In einem ruhigen Moment, wenn die Kinder schlafen (das passiert eigentlich nur, wenn sie schlafen), kommen mir wieder diese hellen, leuchtenden Bilder in den Kopf. Wenn ich am Ende eines langen Tages im Bett liege, denke ich darüber nach, ob ich morgen vielleicht fröhlicher sein werde. Vielleicht rieche ich morgen nach Sonnenschein und meine Kinder und ich werden uns wirklich lieben.

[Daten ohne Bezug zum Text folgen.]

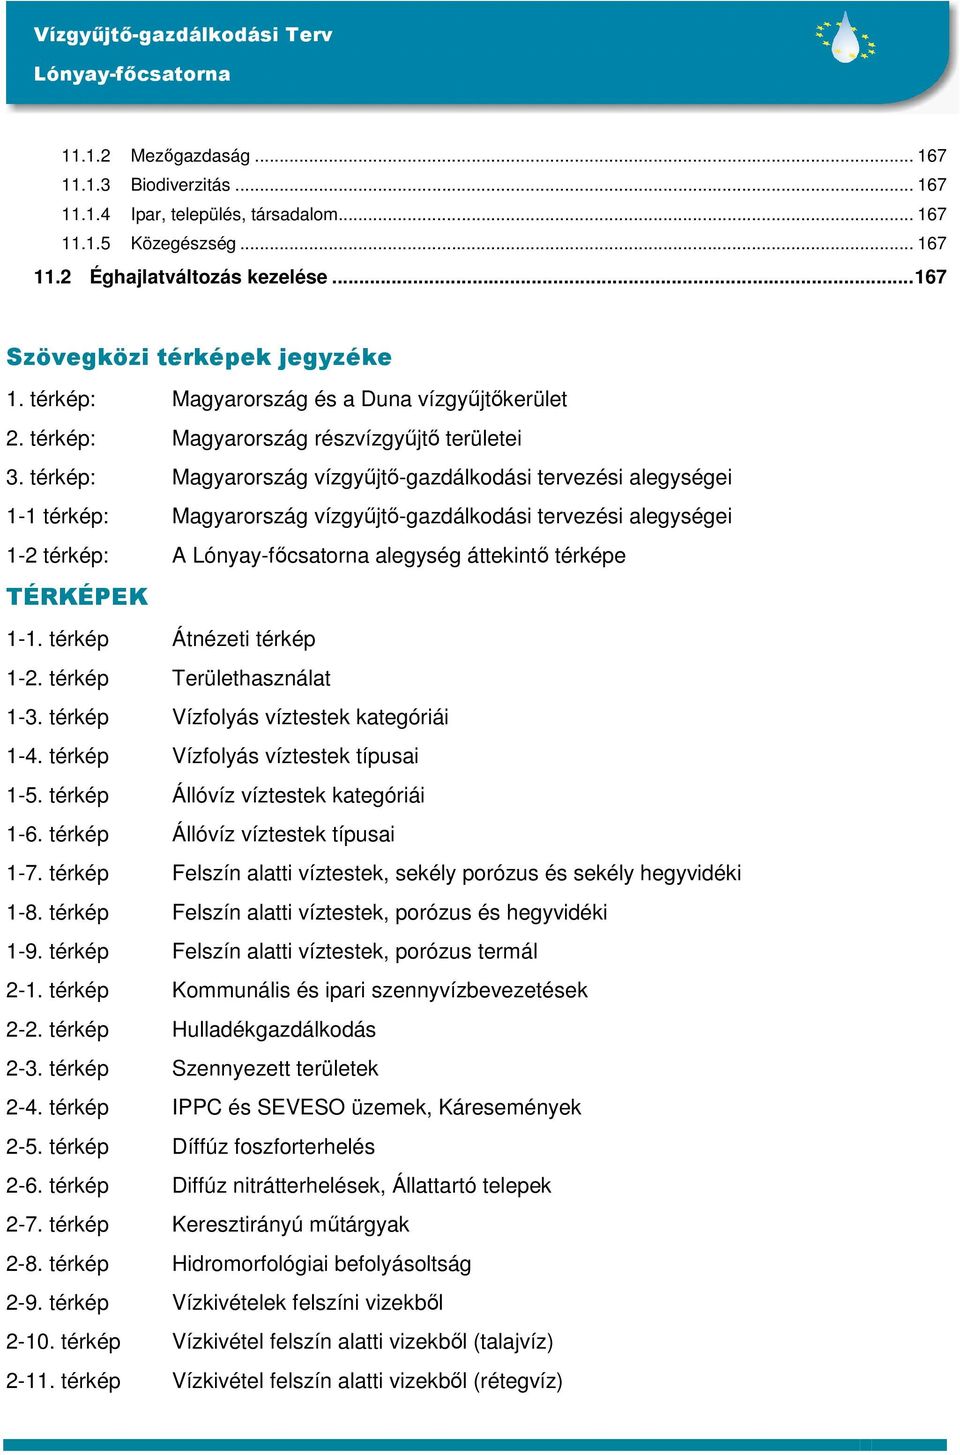 térkép: Magyarország vízgyőjtı-gazdálkodási tervezési alegységei 1-1 térkép: Magyarország vízgyőjtı-gazdálkodási tervezési alegységei 1-2 térkép: A alegység áttekintı térképe TÉRKÉPEK 1-1.

Mutterschaft bedeutet mehr harte Arbeit als sonnige Picknicks oder geflüsterte Geheimnisse, aber ich denke, wir müssen es trotzdem idealisieren. Es könnte Teil unserer DNA sein; Ich glaube nicht, dass wir etwas dagegen tun können, und es hält uns Tag für Tag am Laufen. Ich weiß ganz genau, dass meine Kinder keine Engel sind, und ich auch nicht; Außer, dass wir es manchmal, für süße, kurze Momente, tun.

Wenn ich einer der Zwillinge einen Gute-Nacht-Kuss gebe und mich mit dem sehnsüchtigen Wunsch, für den Tag fertig zu sein, vorbeuge, nimmt sie mein Gesicht in ihre Hände, bedeckt es mit einem Dutzend zarter Küsse und kichert. Ich kichere auch, und ich spüre es.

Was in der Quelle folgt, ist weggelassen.